NEW YORK (GenomeWeb) – Researchers in the Netherlands have developed a diagnostic test to detect lung cancer by examining tumor RNA absorbed by circulating platelets called thrombocytes.
Published in Cancer Cell earlier today, the study investigated the potential and origin of spliced RNA profiles from tumor-educated platelets, or TEPs, for the noninvasive detection of early- and late-stage non-small cell lung cancer.
Platelets in patients that are cancer-free contain a different composition of RNA than TEPs, which are platelets that have interacted with a tumor. The TEP gene panel developed by the scientists allows vector machine-based classification of lung cancer.
The researchers examined more than 700 blood samples using a biomarker signature detection platform called ThromboSeq, including patients diagnosed with late-stage non-small cell lung cancer, a smaller group with early stage cancer, and a control group with no known cancer.

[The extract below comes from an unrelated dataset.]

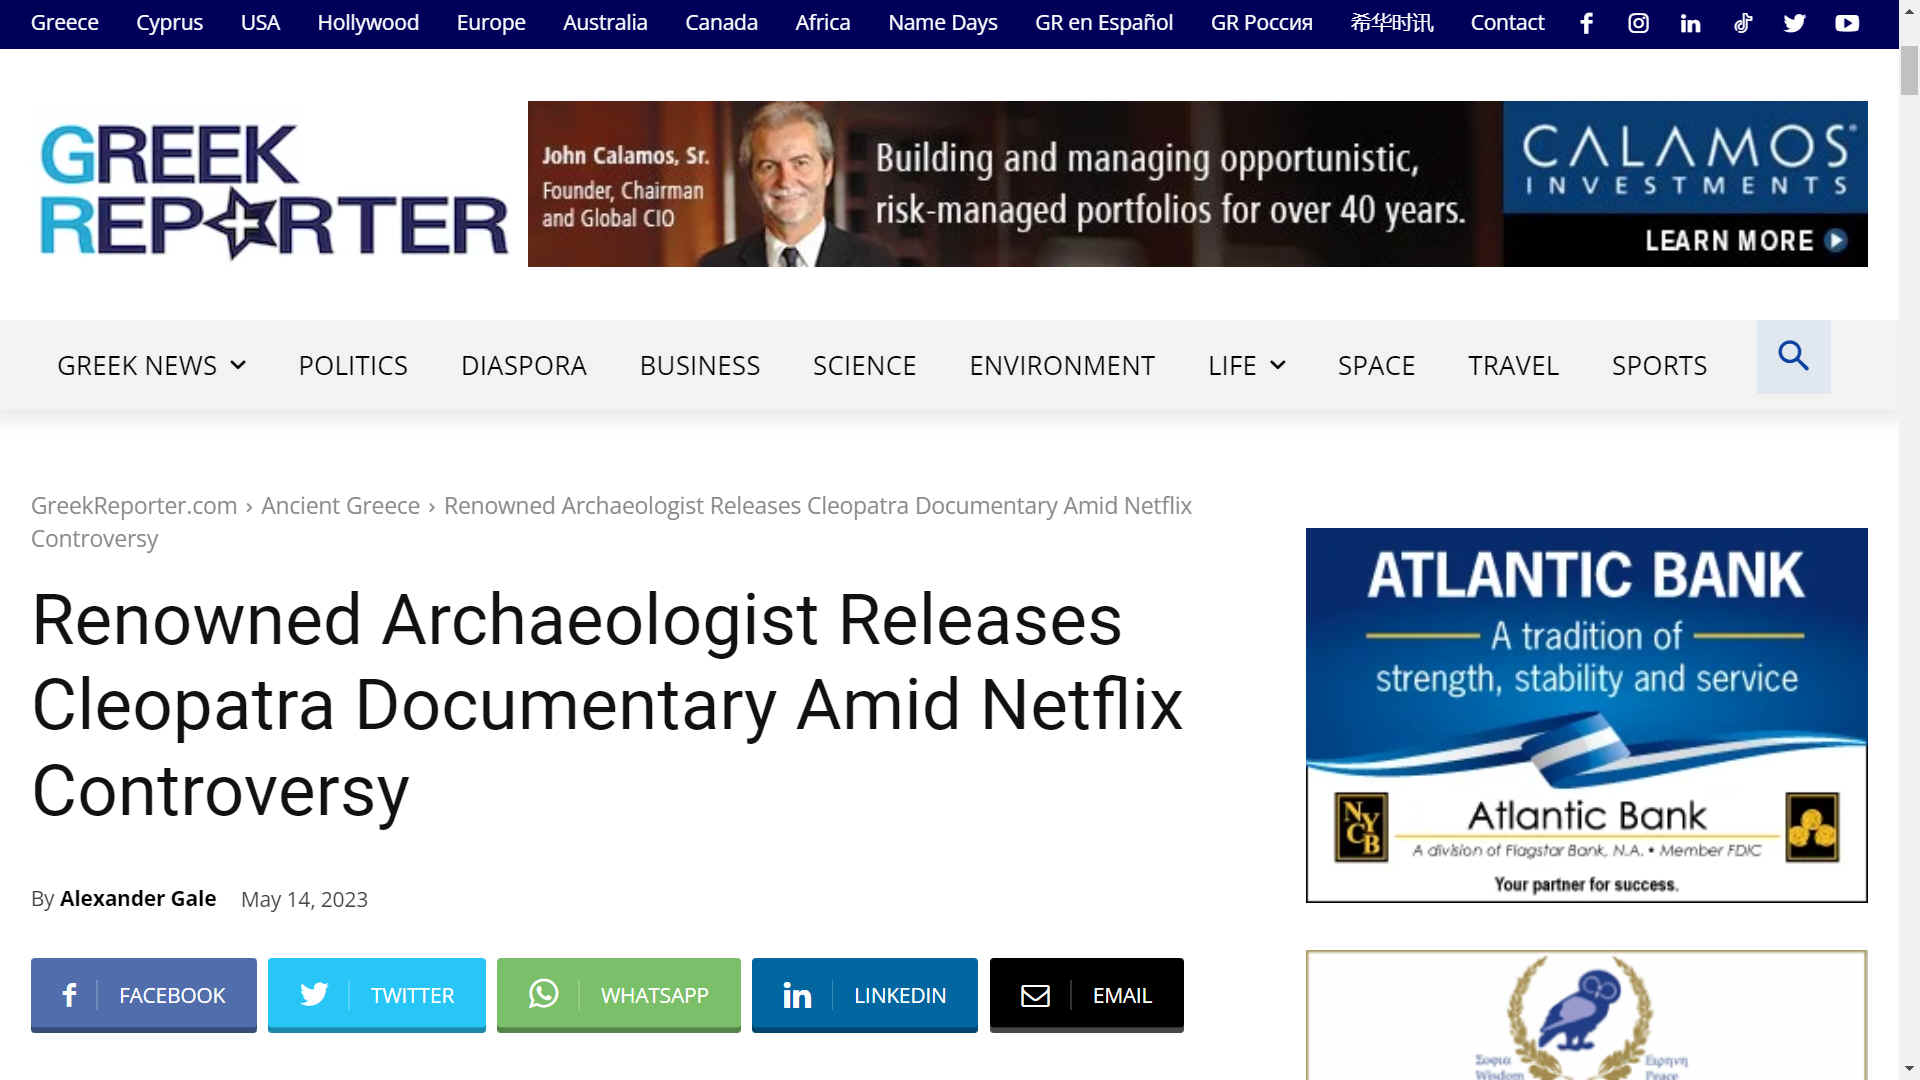 Greek Reporter 10 May 2023 - Renowned archaeologist releases Cleopatra documentary amid Netflix controversy

ThromboSeq enables clinical researchers to identify different cancer types by looking at TEP-derived RNA using next-generation sequencing.
ThromboSeq’s swarm intelligence algorithm scanned approximately 5,000 different RNA molecules found in the thrombocytes and recorded the small amount that indicate a cancerous tumor. The researchers then ran the blood samples through screenings to diagnose how accurately the thrombocytes identified cancer.
According to the researchers, ThromboSeq detected early-stage cancer with 81 percent accuracy and late-stage cancer with 88 percent accuracy. The algorithm yielded an accuracy up to 91 percent in a validation control group that matched for a patient's age, smoking status, and blood storage time.
The device's particle-swarm optimization (PSO) algorithms allowed efficient selection of RNA biomarker panels from platelet RNA-sequencing libraries. The gene panels then diagnosed cancer from TEPs, suggesting that swarm intelligence may also benefit the optimization of diagnostic readout of other liquid biopsy biosources.
"ThromboSeq might not only provide lung cancer diagnostics, but potentially any other tumor type as well, and may enable tumor-type stratification," VU University Medical Center researcher Myron Best said in a statement.
He and his colleagues based their method on swarming behavior that can be found in nature, where birds, insects, and fish swarm to defend themselves against predators or to search for food.
“Birds continuously adjust their location in the swarm relative to each other, thereby increasing the flock’s coverage, and thus, the efficiency of the food-searching process,” Best said. “We applied this natural phenomenon to our algorithms, which make use of the complex RNA repertoire present in platelets.”
Researchers concluded that the ThromboSeq platform allows for robust biomarker selection for blood-based cancer diagnostics, independent of bias introduced by factors such as age and smoking status. Best and his team plan to further optimize the algorithm with patients suspected of having undiagnosed lung cancer.
"Although the tumor-educated platelets blood test does not, so far, provide perfect predictions, it may complement alternative liquid biopsy bio-sources" added Best.